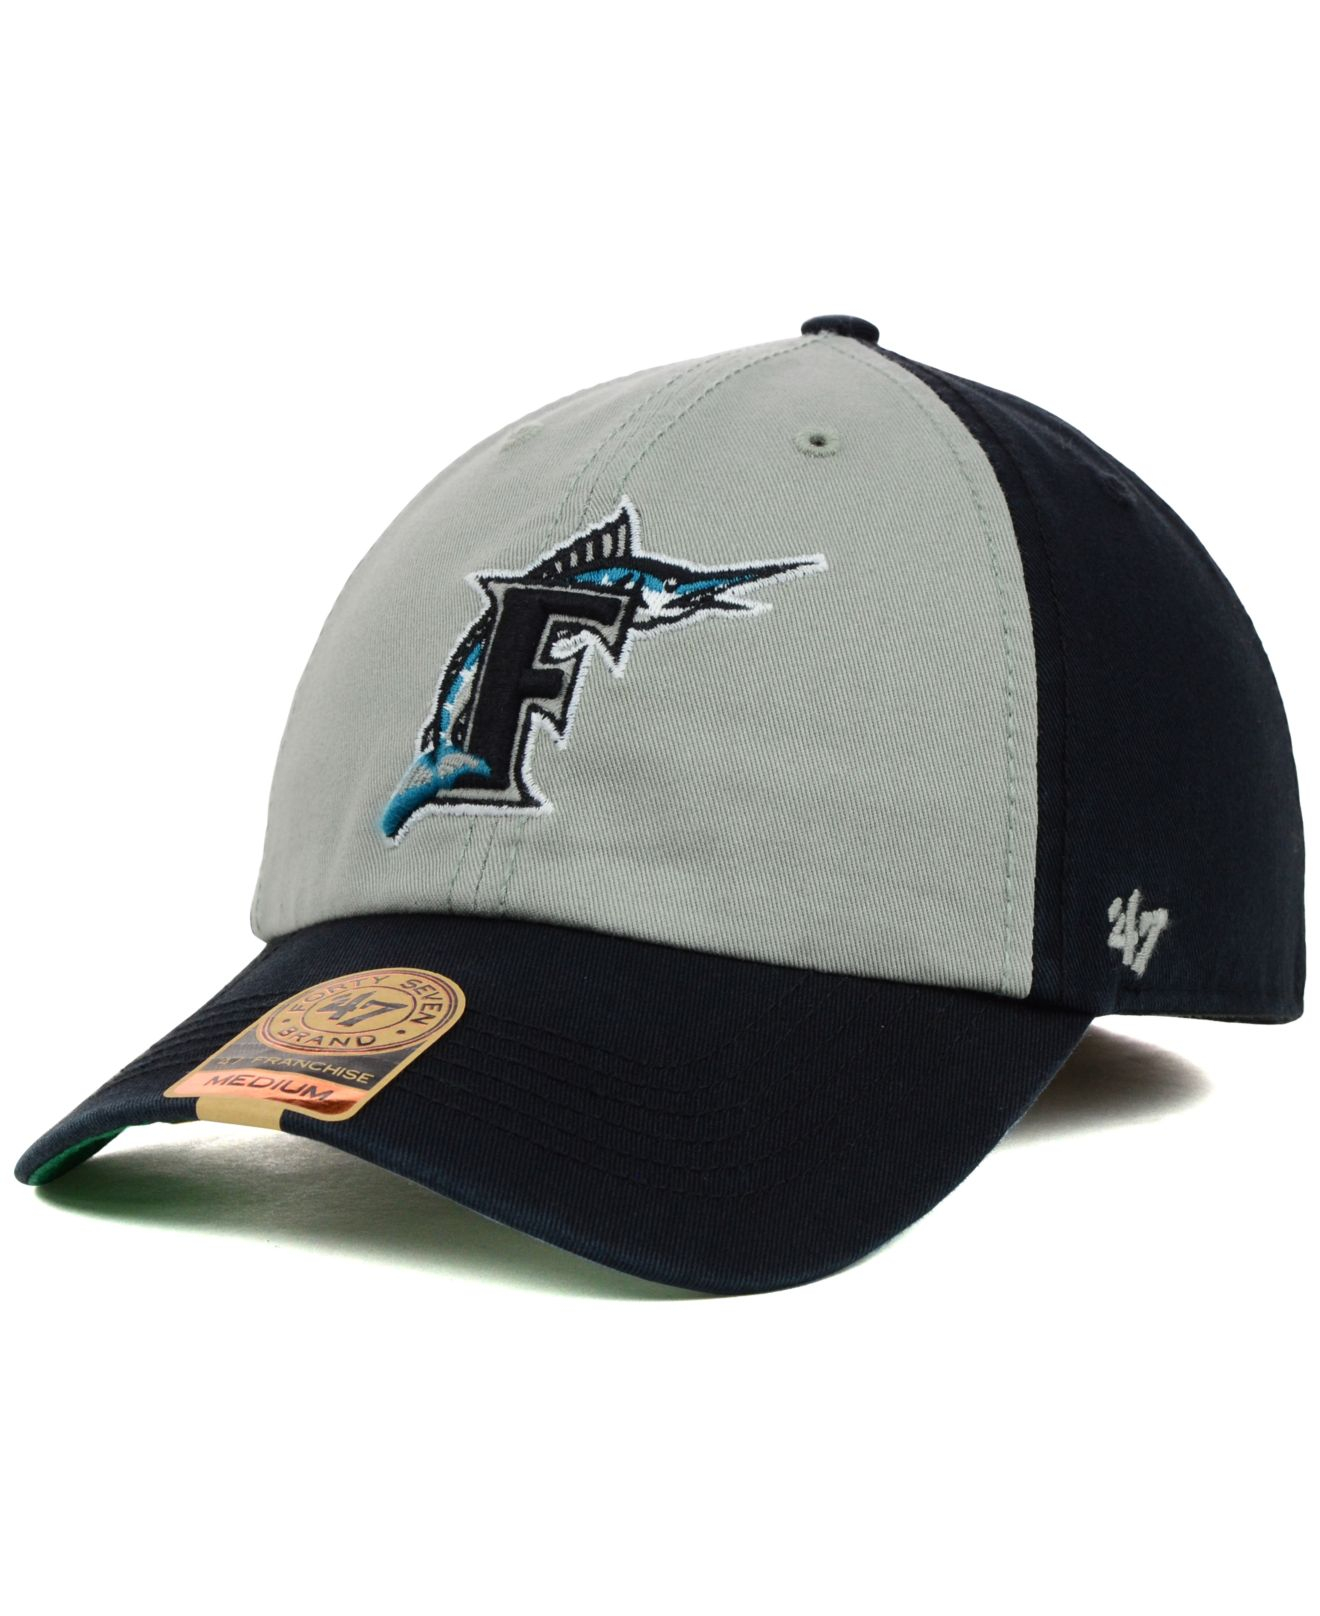 55c424b86e010 Lyst - 47 Brand Florida Marlins Mlb Vip Franchise Cap in Black for Men
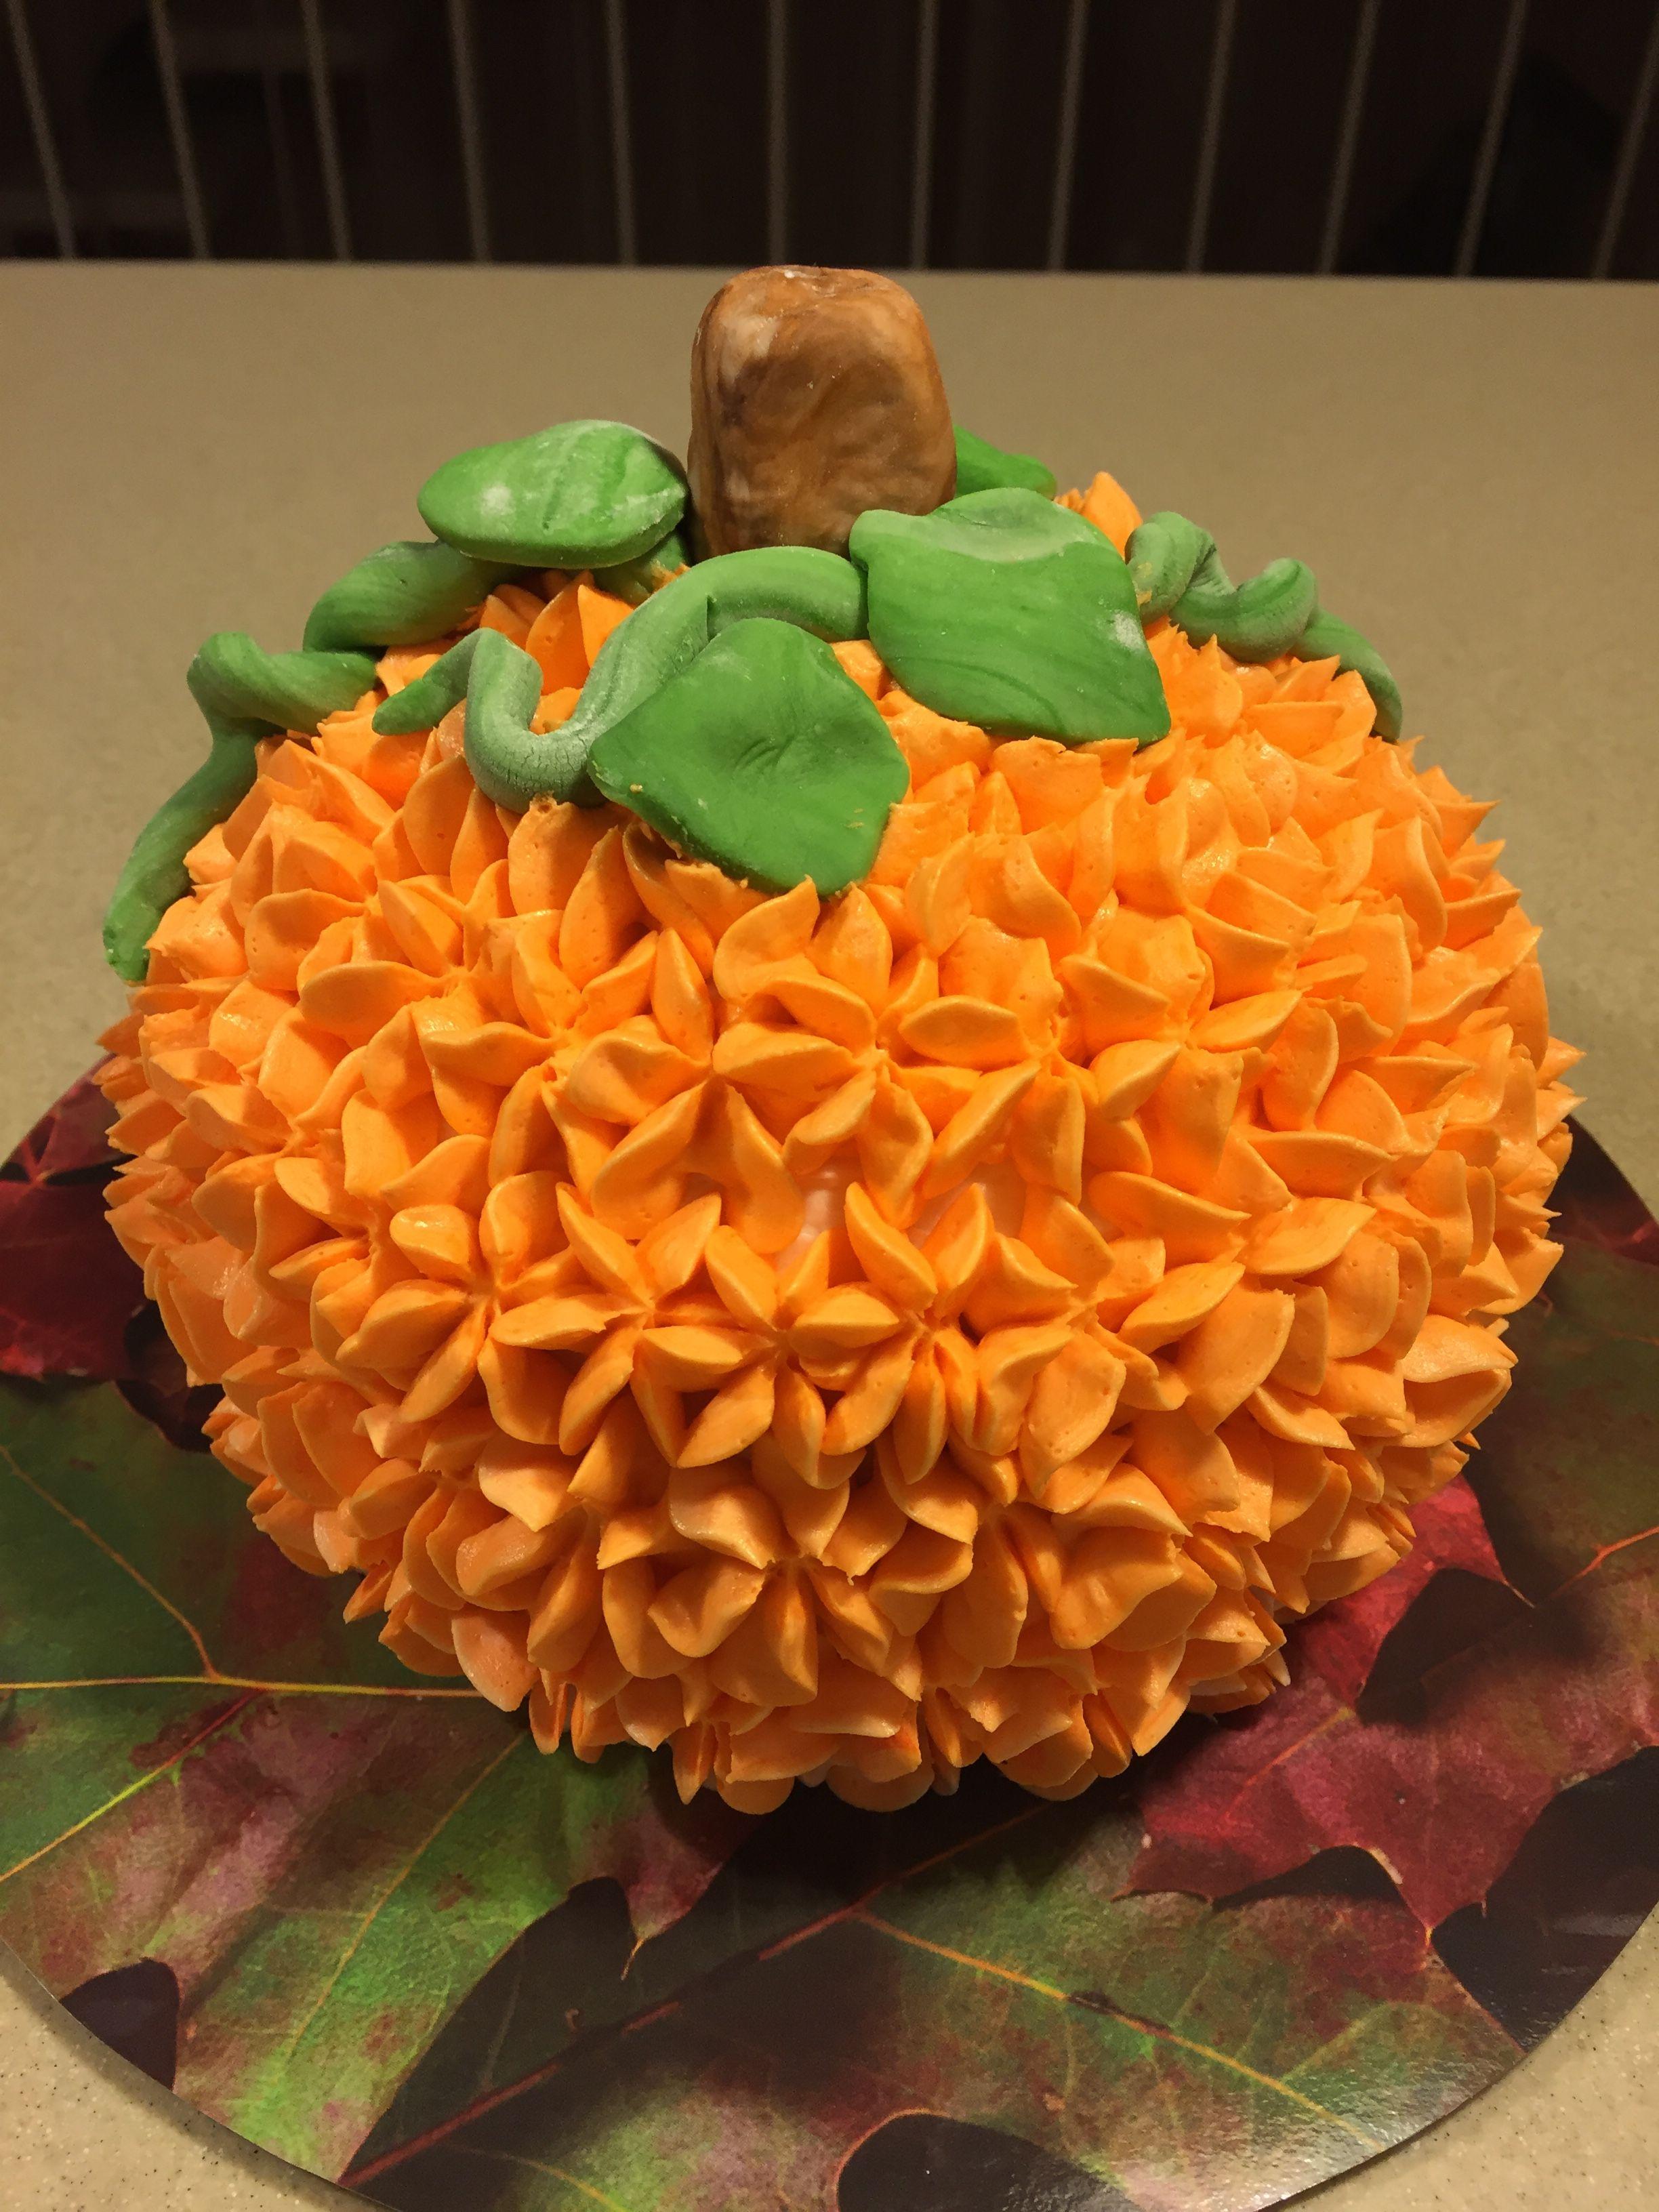 Phenomenal Pumpkin Smash Cake For My Great Nephews First Birthday Pumpkin Funny Birthday Cards Online Alyptdamsfinfo
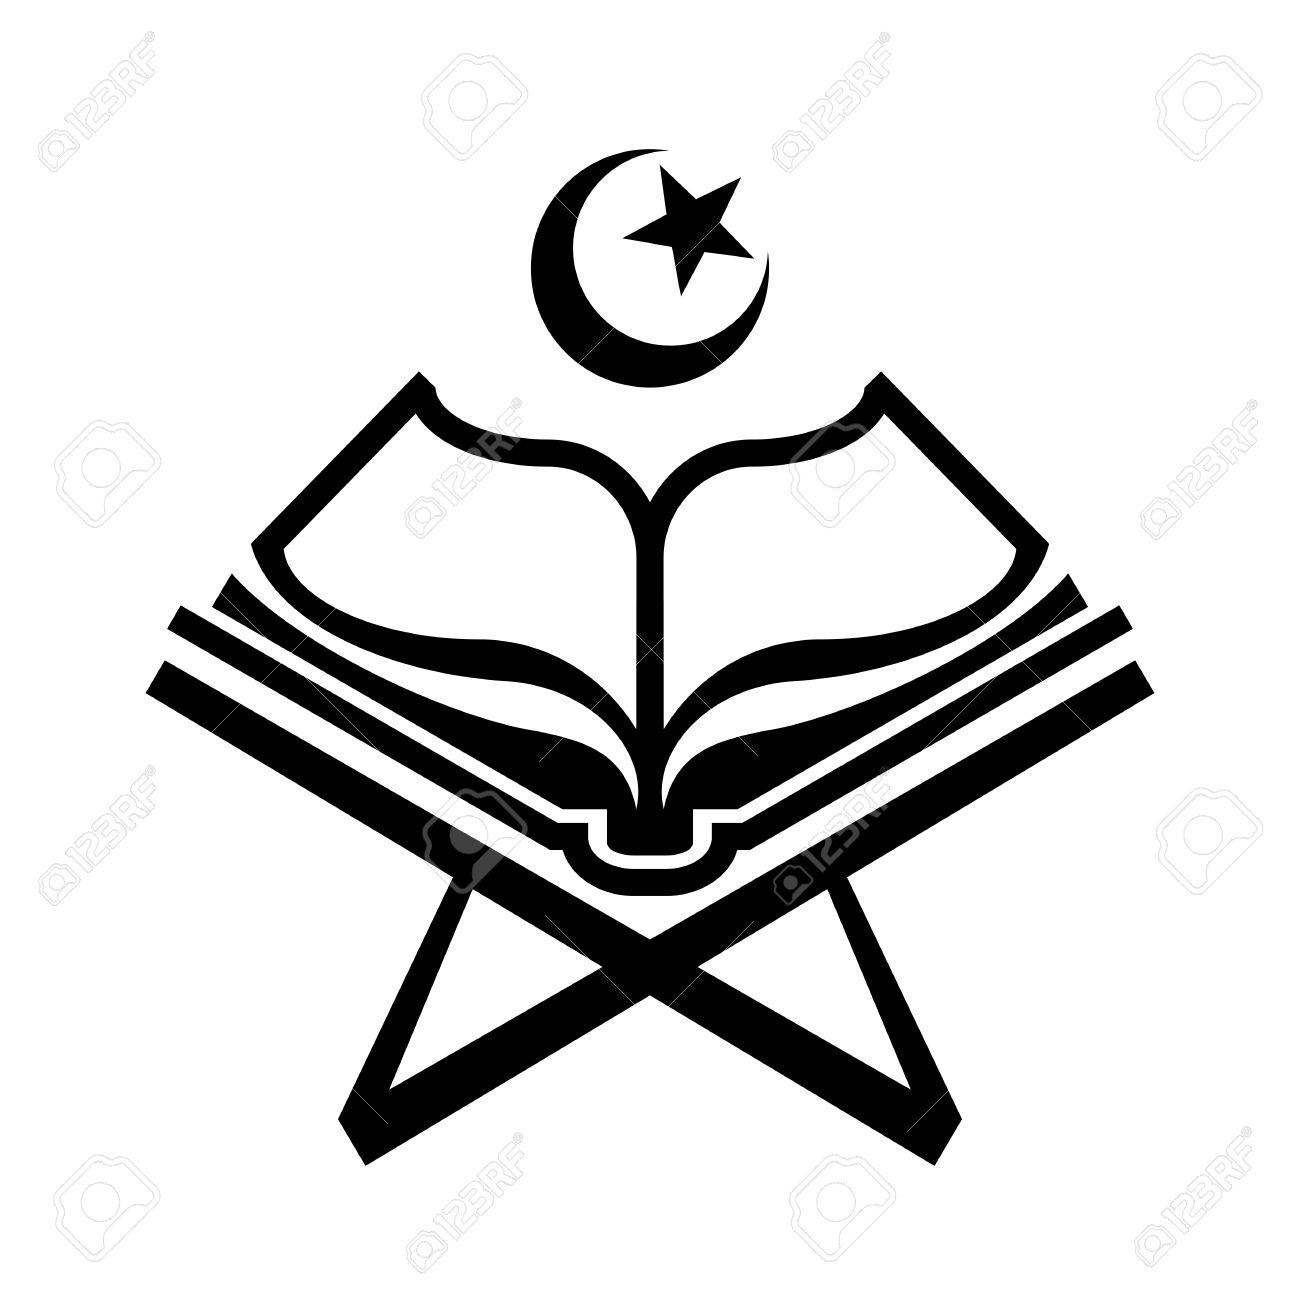 al quran quran koran islam religion book pattern isolated on
========
Set down, word for word, the full listing above, and carry over no pictures.

§ Answer to the exercise:
 55c424b86e010 Lyst - 47 Brand Florida Marlins Mlb Vip Franchise Cap in Black for Men
 Phenomenal Pumpkin Smash Cake For My Great Nephews First Birthday Pumpkin Funny Birthday Cards Online Alyptdamsfinfo
 al quran quran koran islam religion book pattern isolated on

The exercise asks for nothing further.